BlackWaspTM

This web site uses cookies. By using the site you accept the cookie policy.This message is for compliance with the UK ICO law.

Regular Expressions
.NET 1.1+

Regular Expression Options

The fifteenth part of the Regular Expressions in .NET tutorial continues to looks at options that can be applied to regular expressions when matching and substituting text. This article looks at the use of the RegexOptions enumeration.

CultureInvariant Option

Performing a case-insensitive matching or substitution operation can have unexpected effects. By default, the regular expression engine uses the user's current culture. This means that the engine is aware of the links between lower case and upper case letters in the user's language. However, if you are matching to text that has a fixed culture, such as keywords in a programming language, this can give false matches when the user's culture includes different casing conventions.

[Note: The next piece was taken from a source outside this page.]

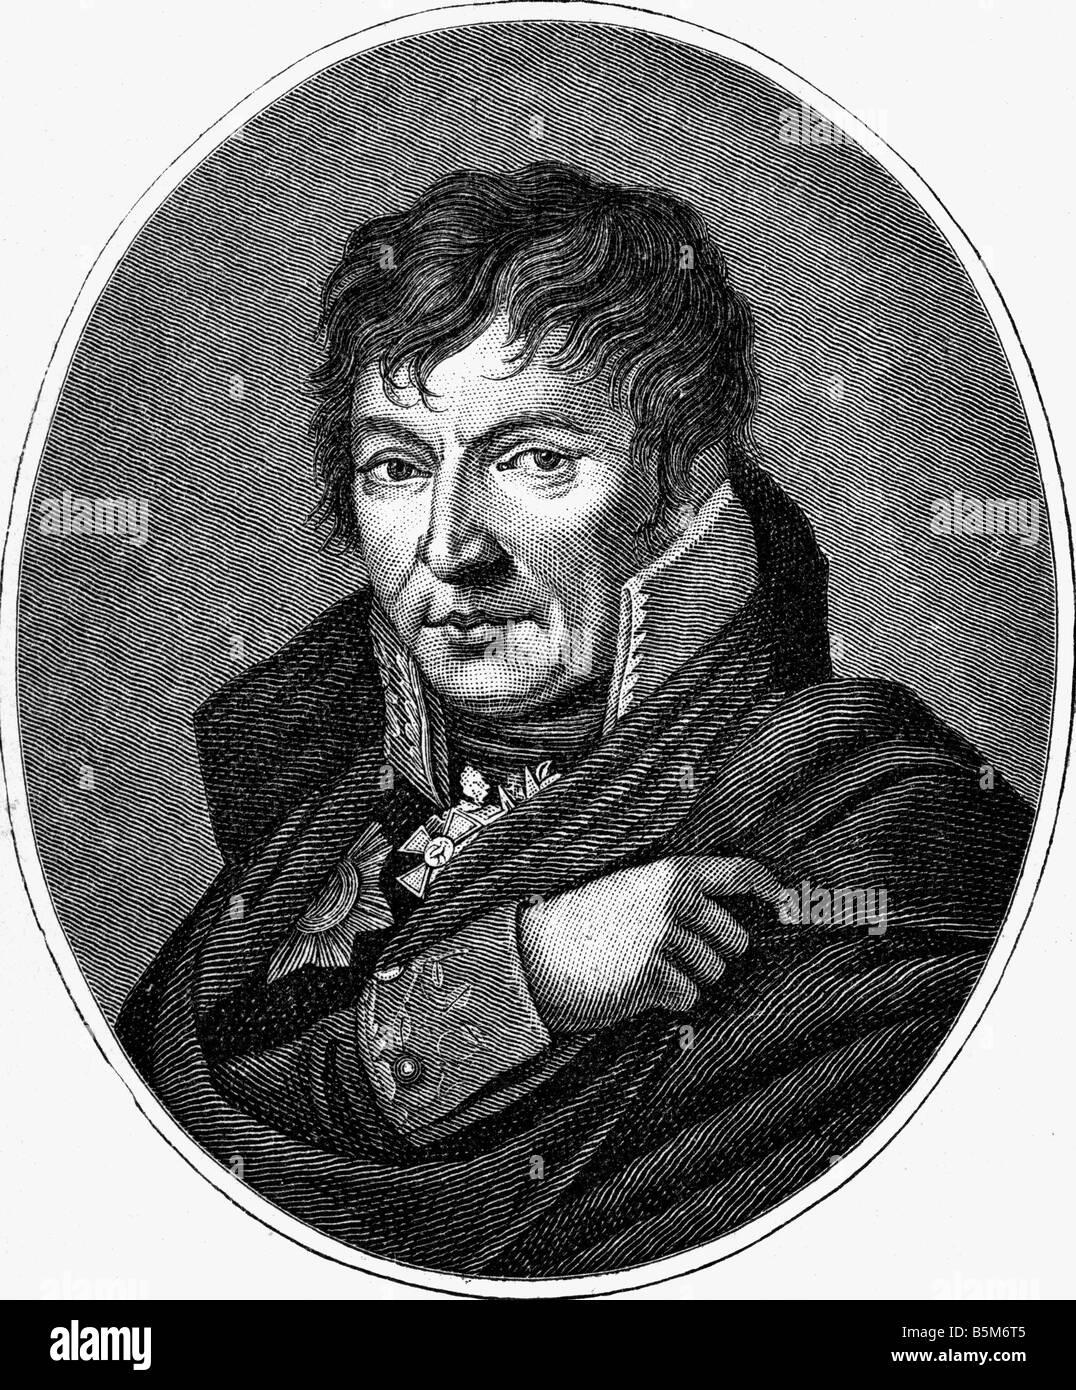 Scharnhorst, Gerhard von, 12.11 1755 - 28.6.1813, Prussian general, portrait, copper engraving by Friedrich Wilhelm Bollinger, 19th century, , Artist's Copyright has not to be cleared Stock Photo

One well-known example of a cultural casing issue is the Turkish I problem. Where English cultures see 'I' as the capitalised version of 'i', the Turkish culture does not. Instead there are four letter 'i' characters; 'ı' is the lower case version of 'I' and 'i' capitalises to 'İ'. If you are matching terms such as "if" or "IDisposable", this may cause issues.

You can avoid some of these problems by using the CultureInvariant option. This stops the regular expression engine from using the user's cultural conventions and instead uses the well-documented invariant culture.

ECMAScript Option

ECMAScript is an internationally standardised scripting language definition that is implemented by languages such as JavaScript and ActionScript. It includes a regular expression engine. However, the functionality of that engine is not identical to that of .NET framework regular expressions. If you need to mimic the ECMAScript engine, apply the ECMAScript option from the RegexOptions enumeration.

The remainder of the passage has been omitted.